Ideas behind “Cast Shadows”:

1. The process of casting iron is a fleeting event that leaves residue in different ways. Works submitted address this phenomenon in various way.
2. Artists who utilize cast iron produce “permanent” products in iron not only as work unto itself, but also as document to the event.

3. Iron casting process is connected to a long history of metal art, industry, and human history. Cast iron artworks are in a sense living in the shadows cast by this rich past. As well, contemporary artists are casting their own shadows onto those around and into the future.

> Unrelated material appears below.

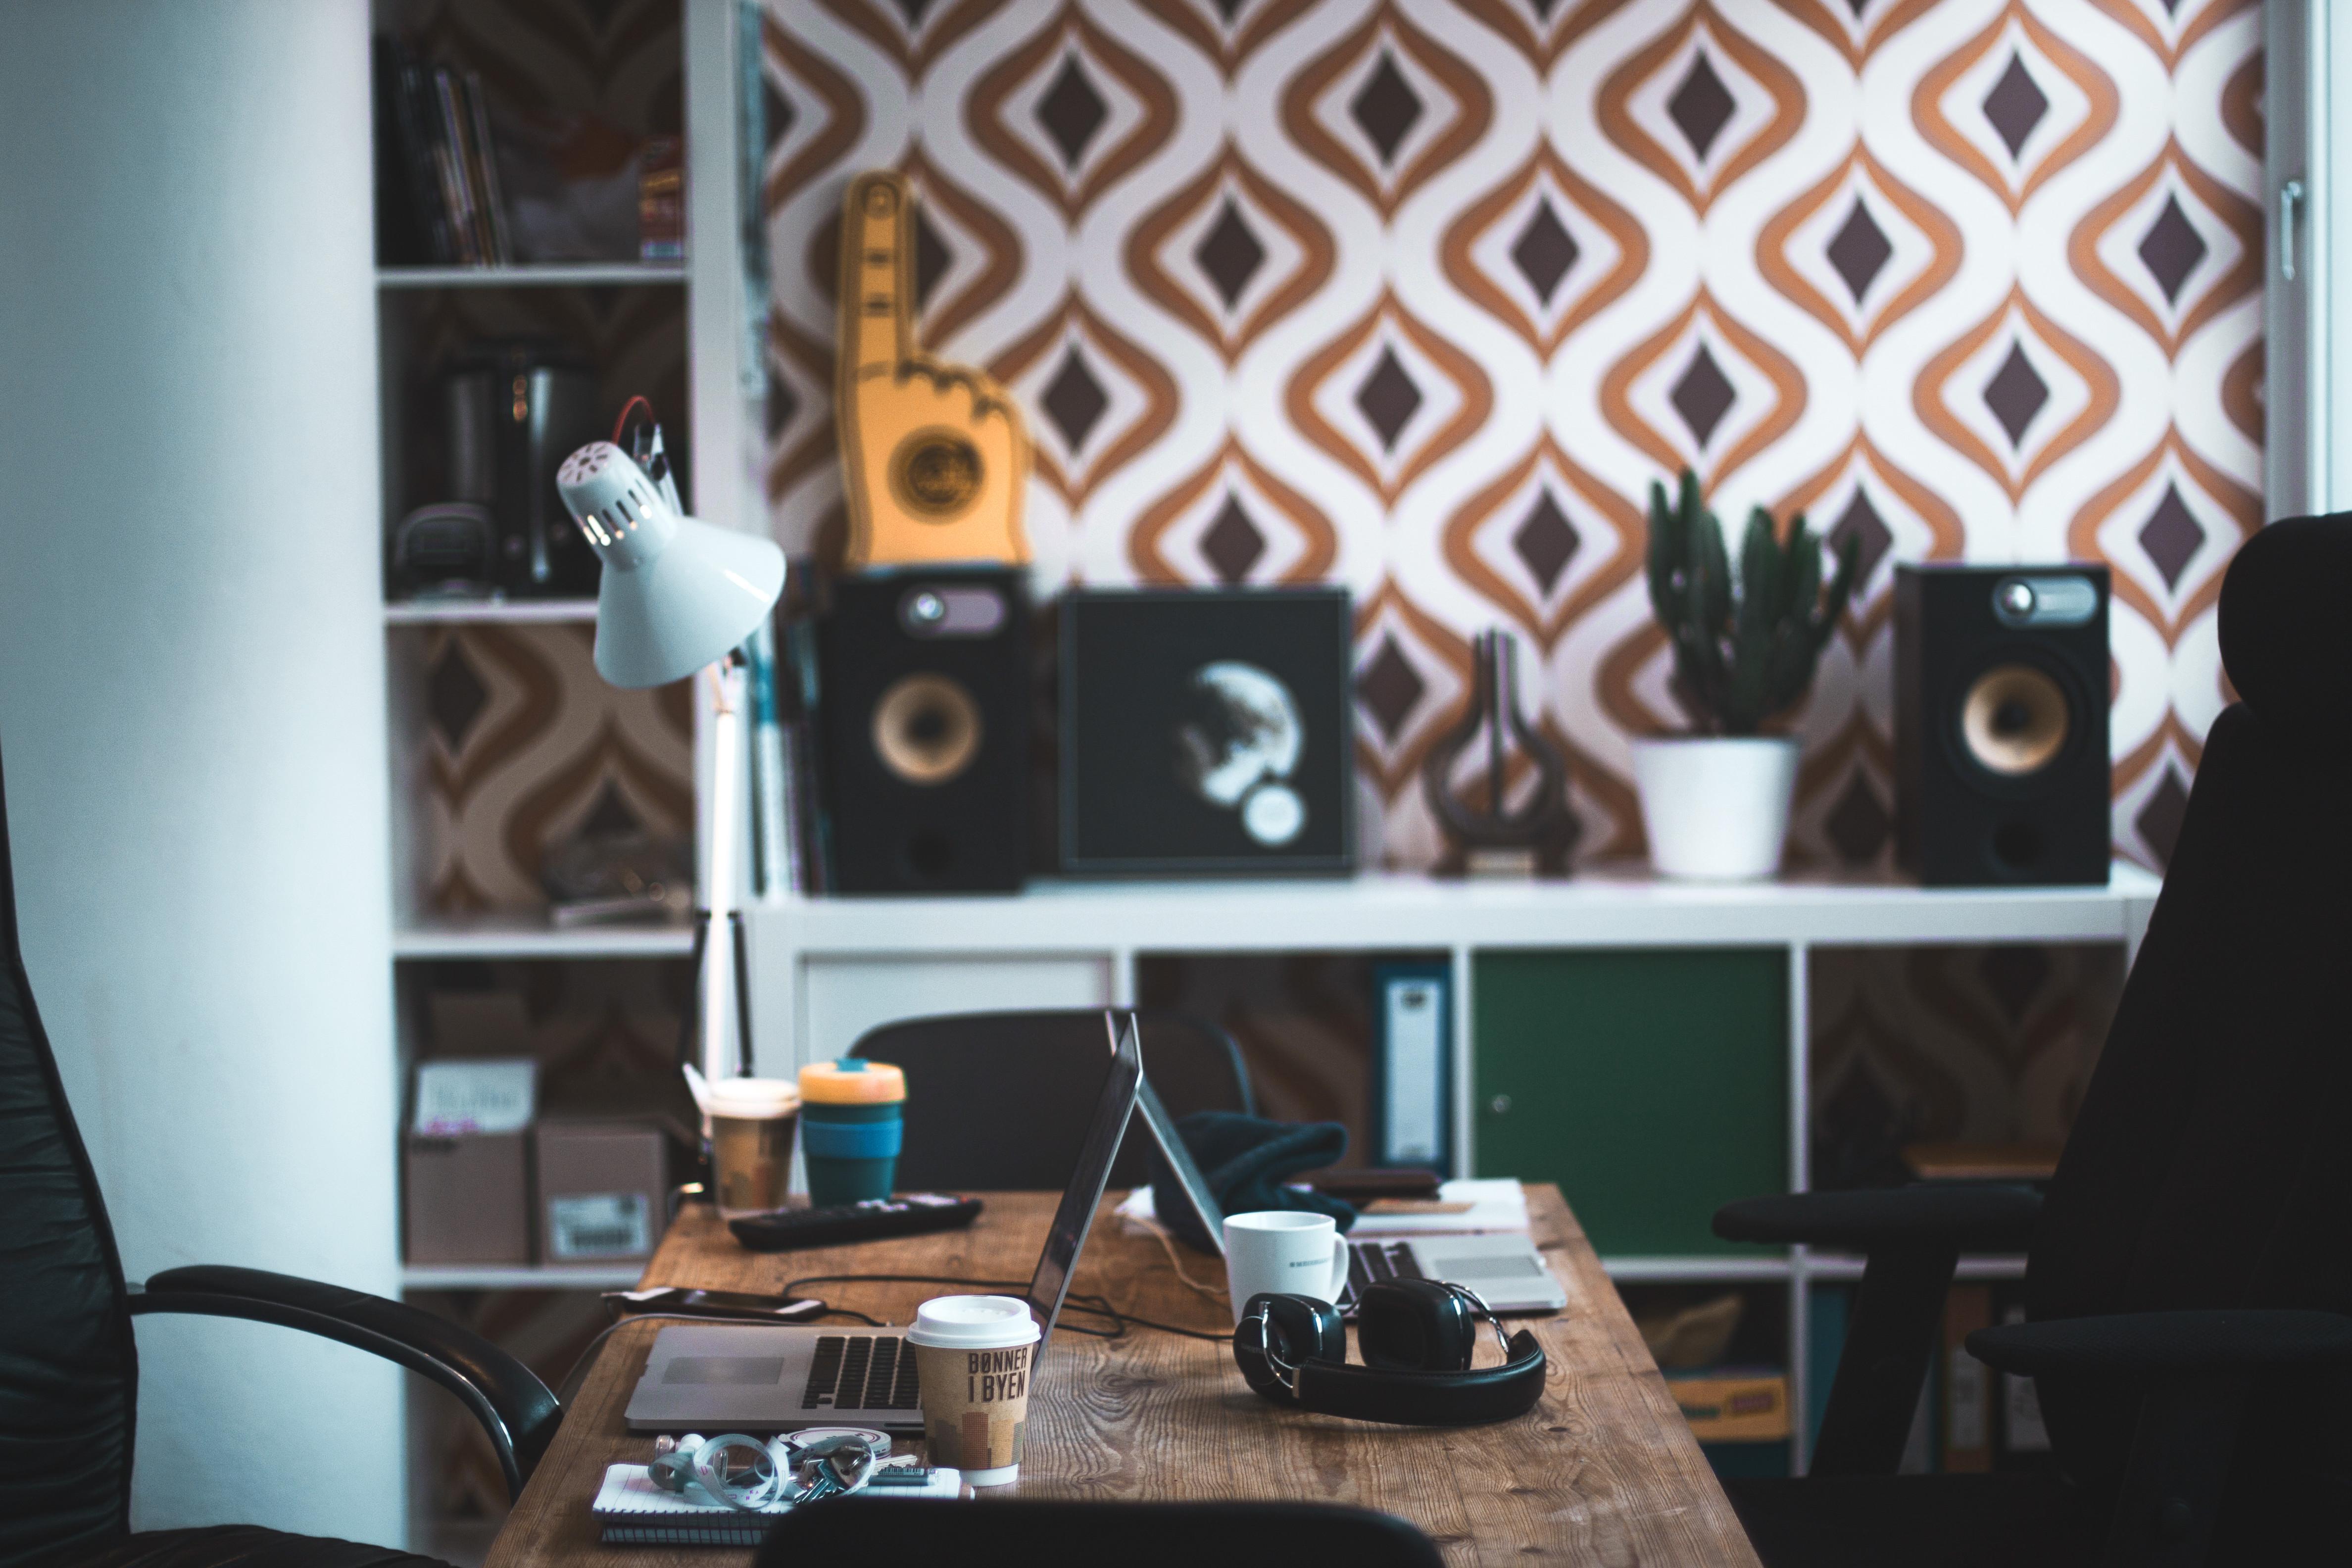 Leerere Tische mit unscharfem Küchen hintergrund und Lampe.

4. There is a digital relationship between the curators from Illinois and North Carolina. There is a line like a cast shadow from a sundial that goes back and forth between Denton and Akagawa, two gnomon.

Sunday, January 31, 2010

Gabriel Akagawa

ECU Foundry Tree
Tar paper, photographs, soapstone, chalk. 7' x  3'

Foundry Tree is a photographic project documenting the lineage of contemporary artists working with cast iron. Each artist is photographed individually wearing his or her safety equipment. The relationships between teachers, mentors and/or students are recorded through these digital photographs that are later mapped into a genealogy at

The documenting process began at the 2009 National Conference on Cast Iron Art at Sloss Furnaces in Birmingham, Alabama when over 250 people were photographed. Many of ECU's faculty and students were included. This project is an artwork meant to link generations of artists casting iron. The physical, photographic "tree" on a wall at Cast Shadows is complemented by the web-based entity acting as a resource for artists.